IN THIS WAY I WAS SAVED

by Brian DeLeeuw

Pub Date: Aug. 1st, 2009
ISBN: 978-1-4391-0313-5
Publisher: Simon & Schuster

DeLeeuw debuts with a strange tale seething with disturbing psychological overtones.

We first meet Luke through his chance encounter with Daniel on a playground near the Metropolitan Museum of Art. At first the boys seem compatible in every way.
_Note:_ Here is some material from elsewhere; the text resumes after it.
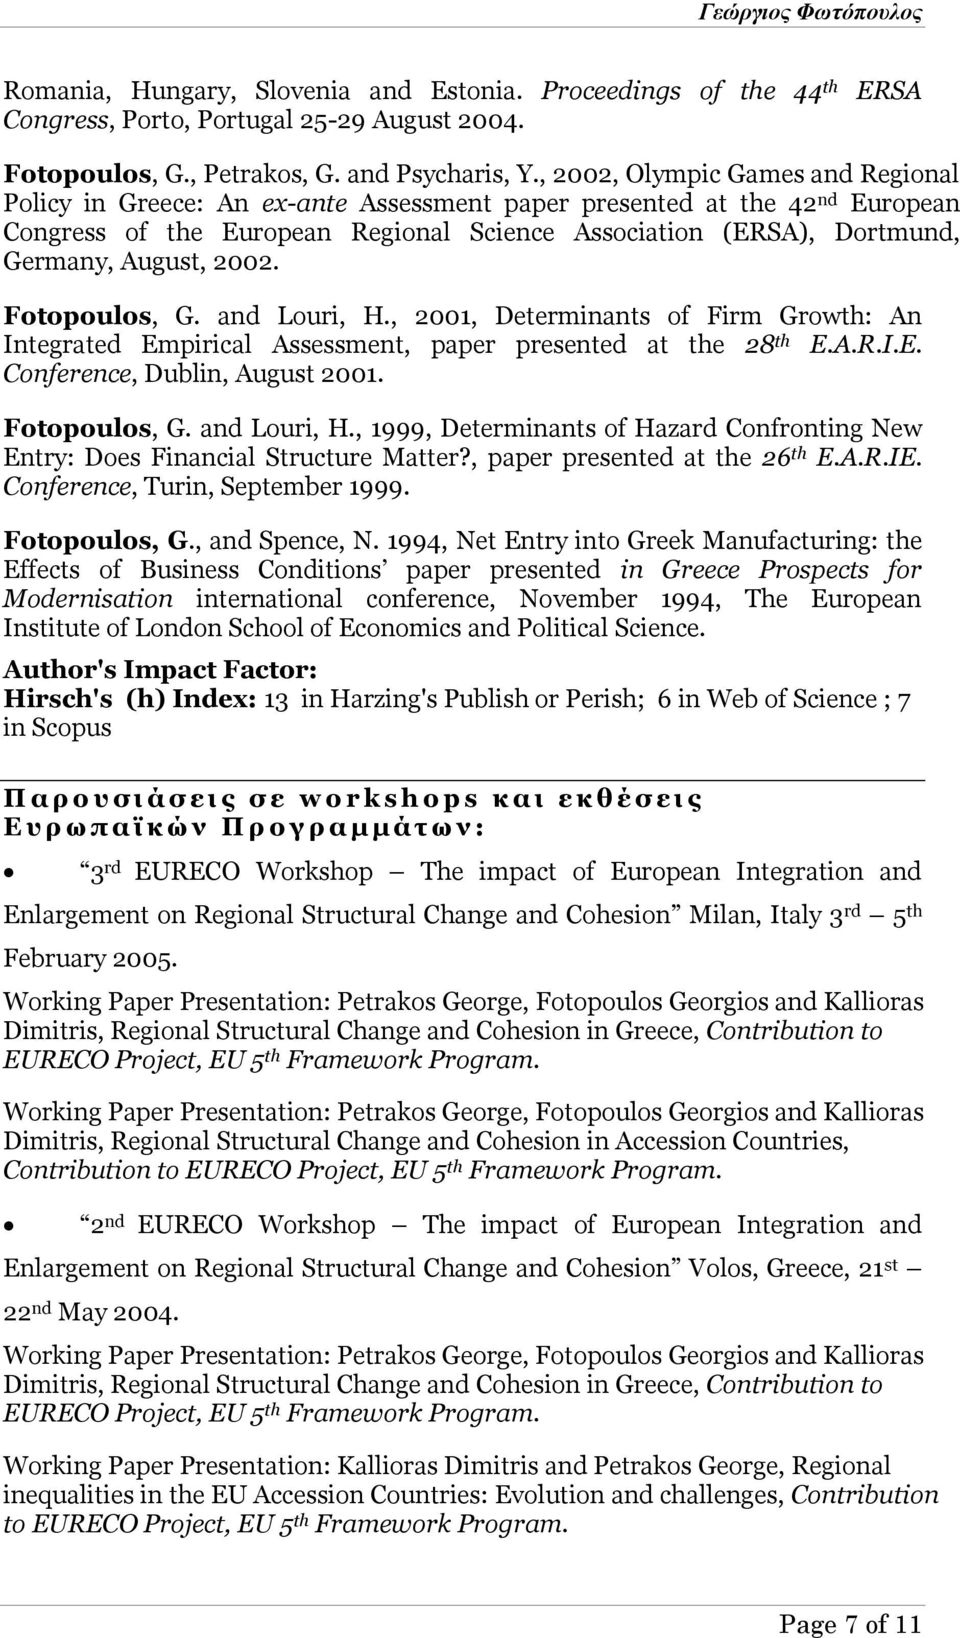 August, 2002. Fotopoulos, G. and Louri, H., 2001, Determinants of Firm Growth: An Integrated Empirical Assessment, paper presented at the 28 th E.A.R.I.E. Conference, Dublin, August 2001.

They’re both imaginative 6-year-olds, comfortable playing games in which dinosaurs come to eat them and they save themselves by shooting the creatures with water guns. At her son’s insistence, Luke’s mother, Claire, agrees to let Daniel visit them in their posh New York apartment. Just as readers begin to wonder why Daniel’s parents never seem to be around and he never seems to have his own home to go to, it becomes clear that Daniel is an imaginary friend who conveniently showed up shortly after the divorce of Luke’s parents. He’s also the narrator of the novel. Eventually Daniel winds up occupying the no-man’s land between doppelgänger and Imp of the Perverse, “persuading” Luke to do heinous things like killing the family dog. It’s clear that Claire has her own problems when she has a breakdown and threatens to cut herself with shards of glass. After Claire is hospitalized, Luke (and Daniel) go to live with Luke’s father and his “new” family, which includes a stepsister Daniel finds thrillingly desirable. As Luke grows up, he cannot shake off the dire influence of Daniel, who becomes increasingly manipulative, forbidding and malevolent. When Luke goes to college, Daniel makes sure he succumbs to the lure of Richard, a charismatic but evil upperclassman who, to put it charitably, does not have Luke’s best interests at heart and soon has him snorting coke. Ultimately, Daniel gains more and more control over Luke, finally committing murder.

Once readers “get it,” the narrative conceit becomes less interesting—but Hitchcock would have loved the premise.